Segment Start: The data
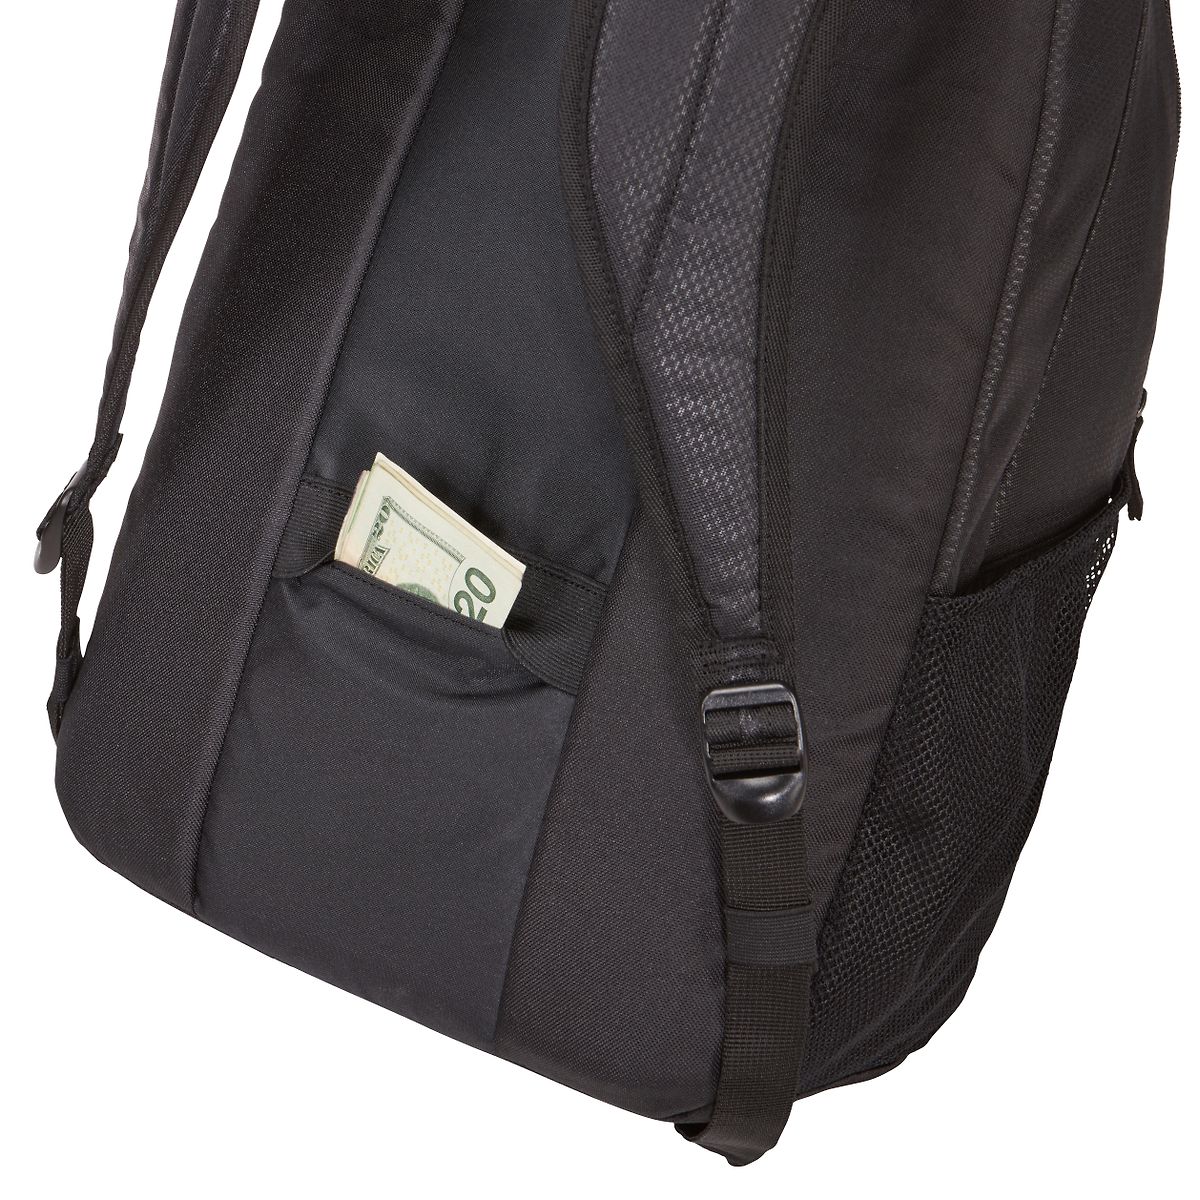 CASE LOGIC - Black 17'' Laptop Backpack
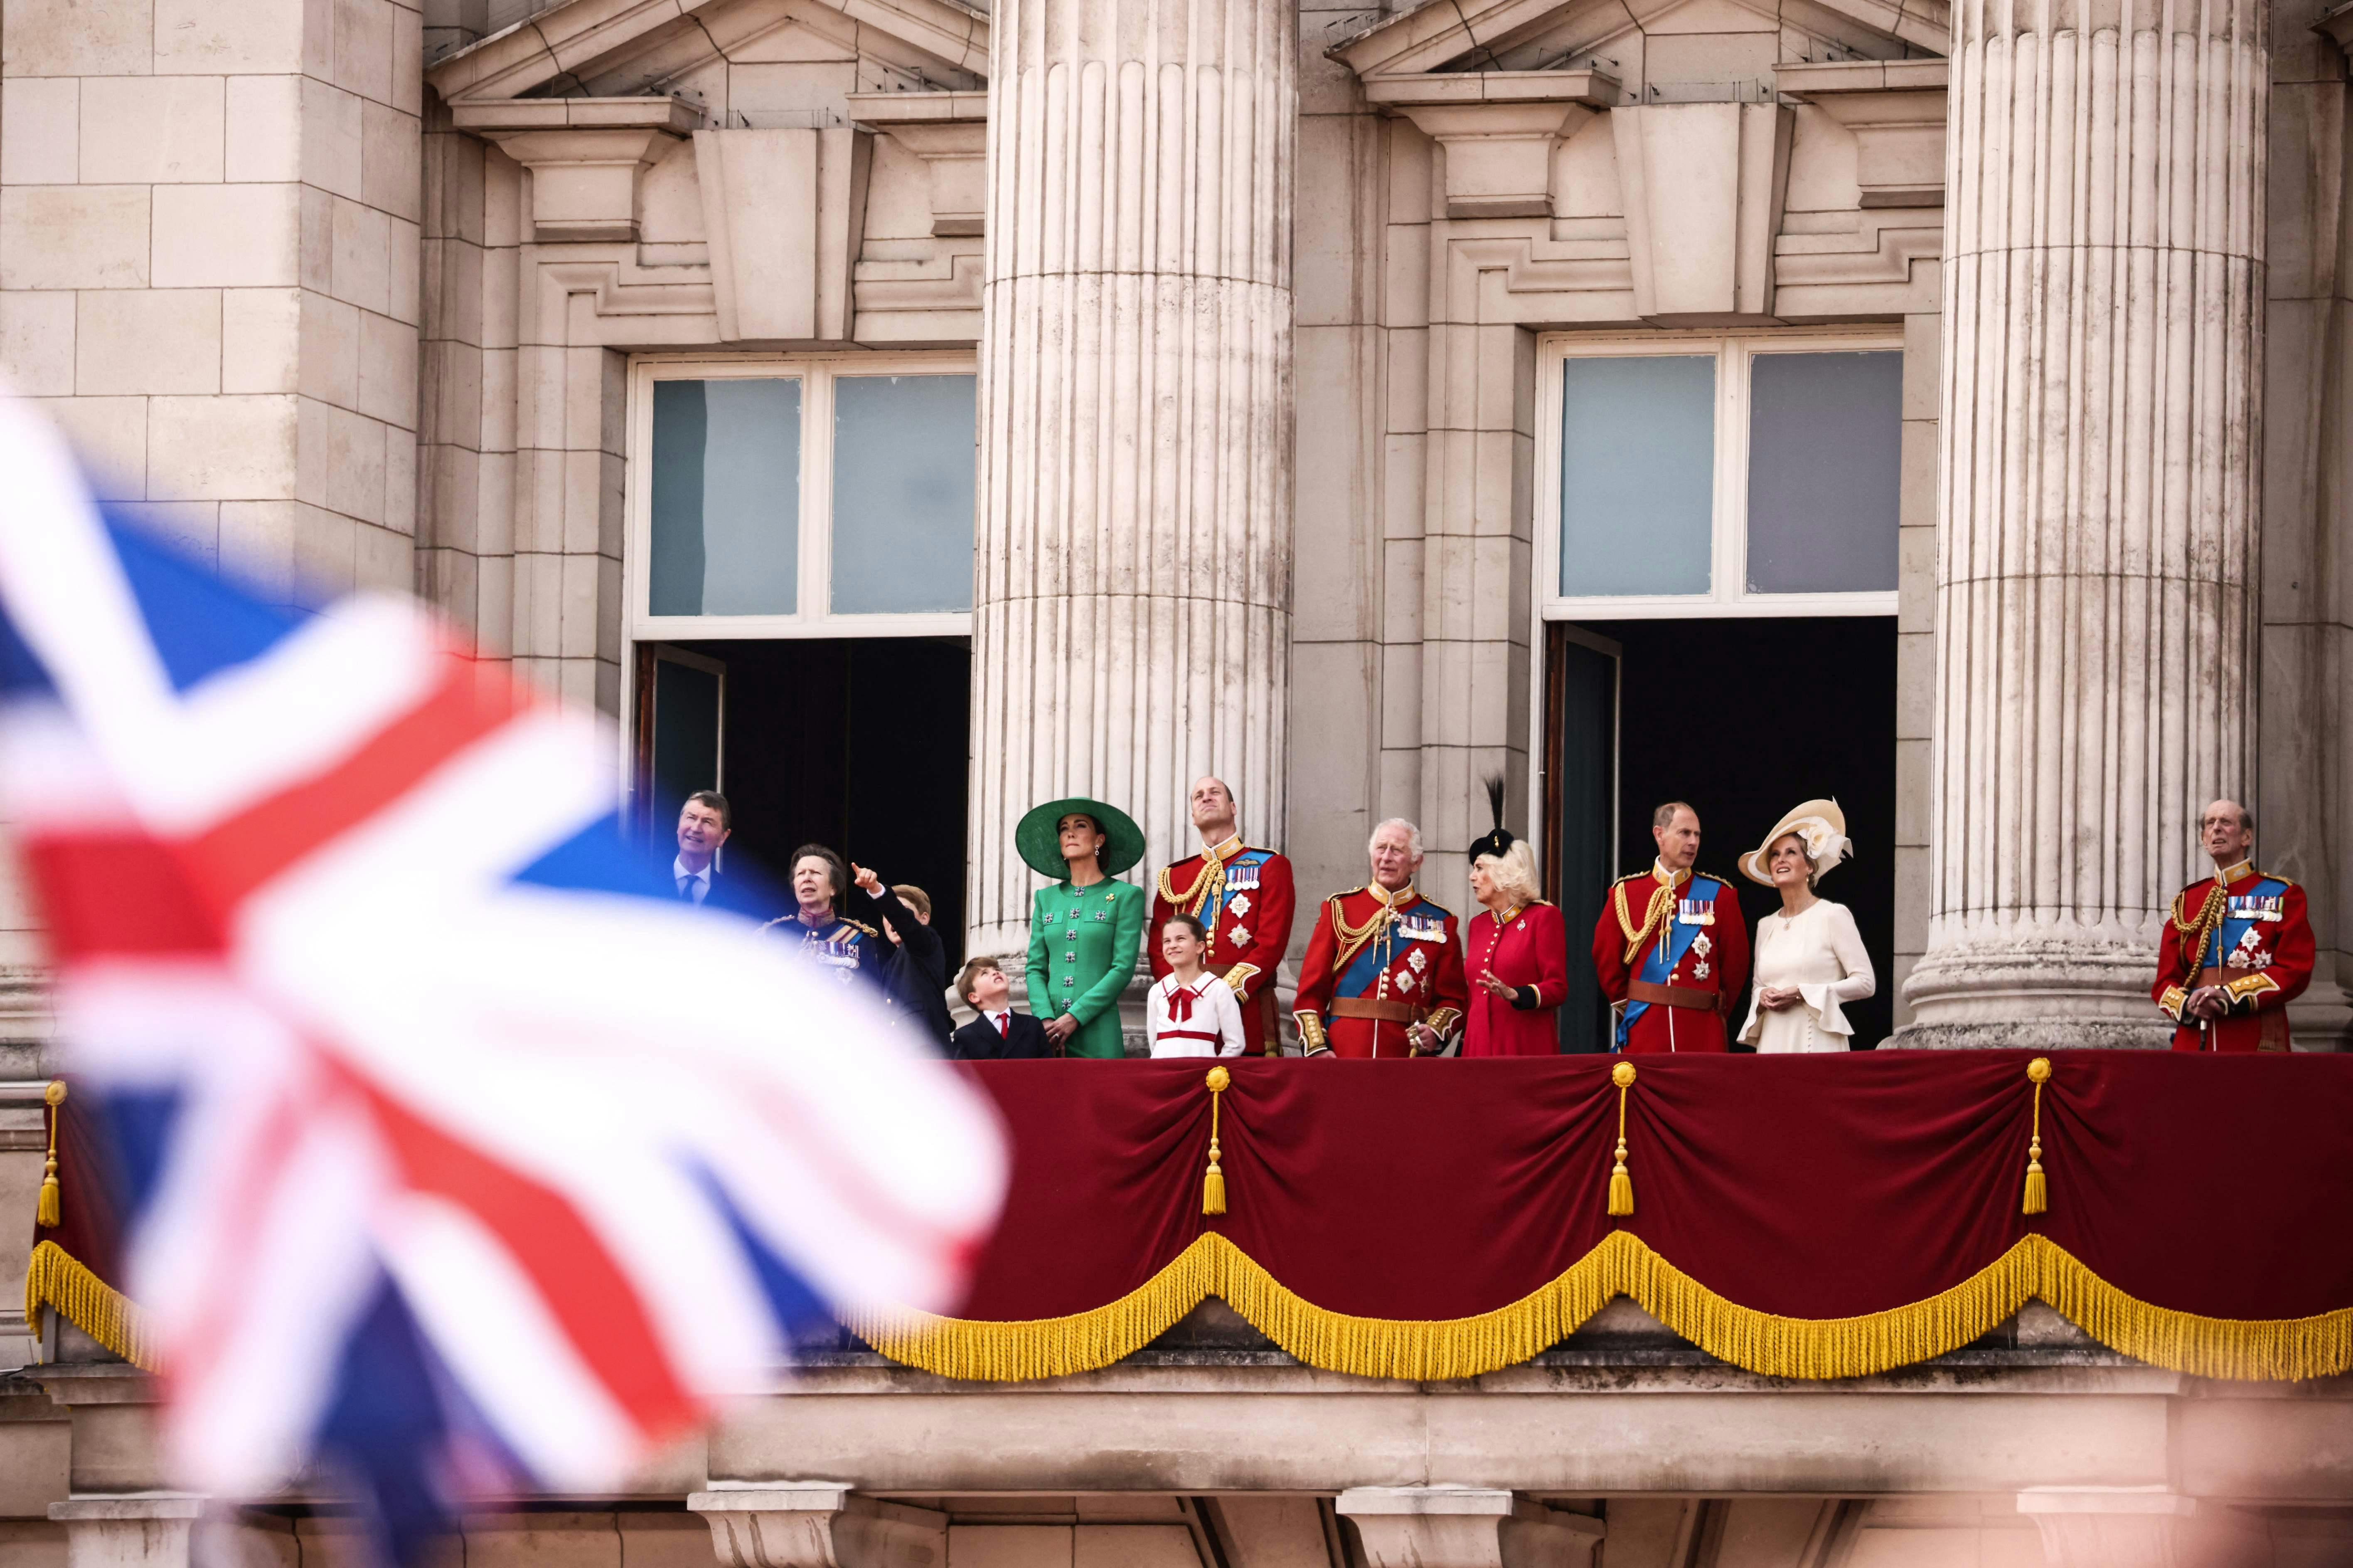 Fra venstre mod højre er det Timothy Laurence, der står med sin hustru prinsesse Anne, dernæst er det prins George, prins Louis, prinsesse Kate, prins William, prinsesse Charlotte, kong Charles, dronning Camilla, prins Edwards og hertuginde Sophie, der
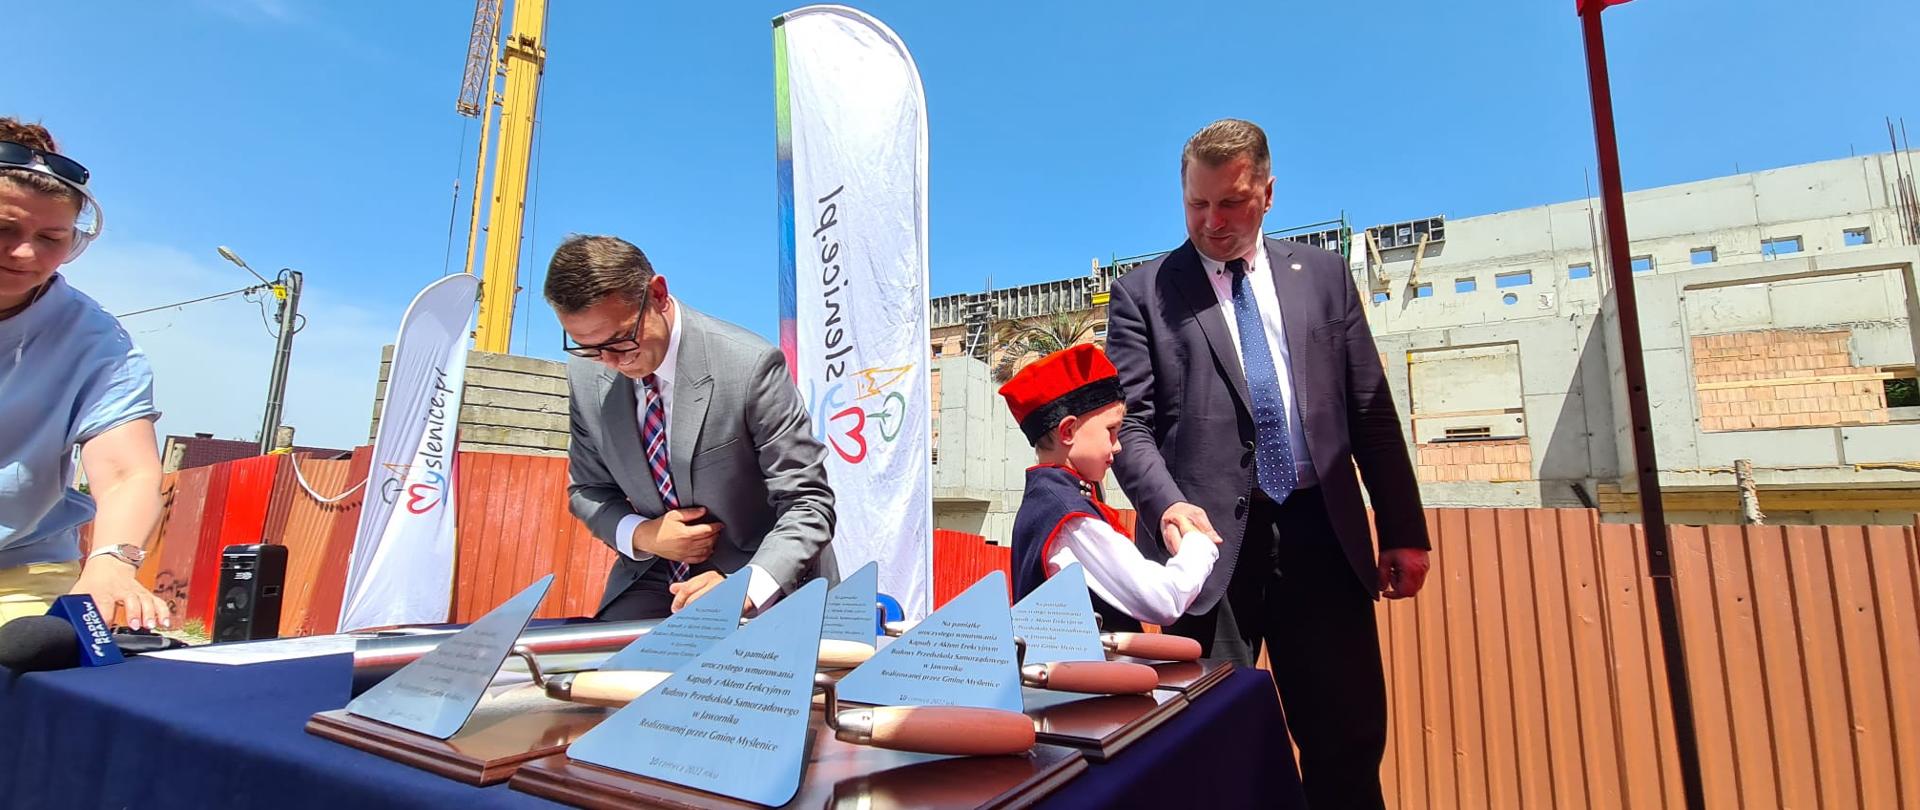 Mały chłopiec w ludowym stroju stoi z ministrem Czarnkiem i ściska mu rękę, obok stół na którym leżą pamiątkowe kielnie z wygrawerowanymi napisami.
Segment End: The data
> _Work order_
In repeating the lines above, keep the wording exact and leave every picture out.

> _Response box_
 CASE LOGIC - Black 17'' Laptop Backpack
 Fra venstre mod højre er det Timothy Laurence, der står med sin hustru prinsesse Anne, dernæst er det prins George, prins Louis, prinsesse Kate, prins William, prinsesse Charlotte, kong Charles, dronning Camilla, prins Edwards og hertuginde Sophie, der
 Mały chłopiec w ludowym stroju stoi z ministrem Czarnkiem i ściska mu rękę, obok stół na którym leżą pamiątkowe kielnie z wygrawerowanymi napisami.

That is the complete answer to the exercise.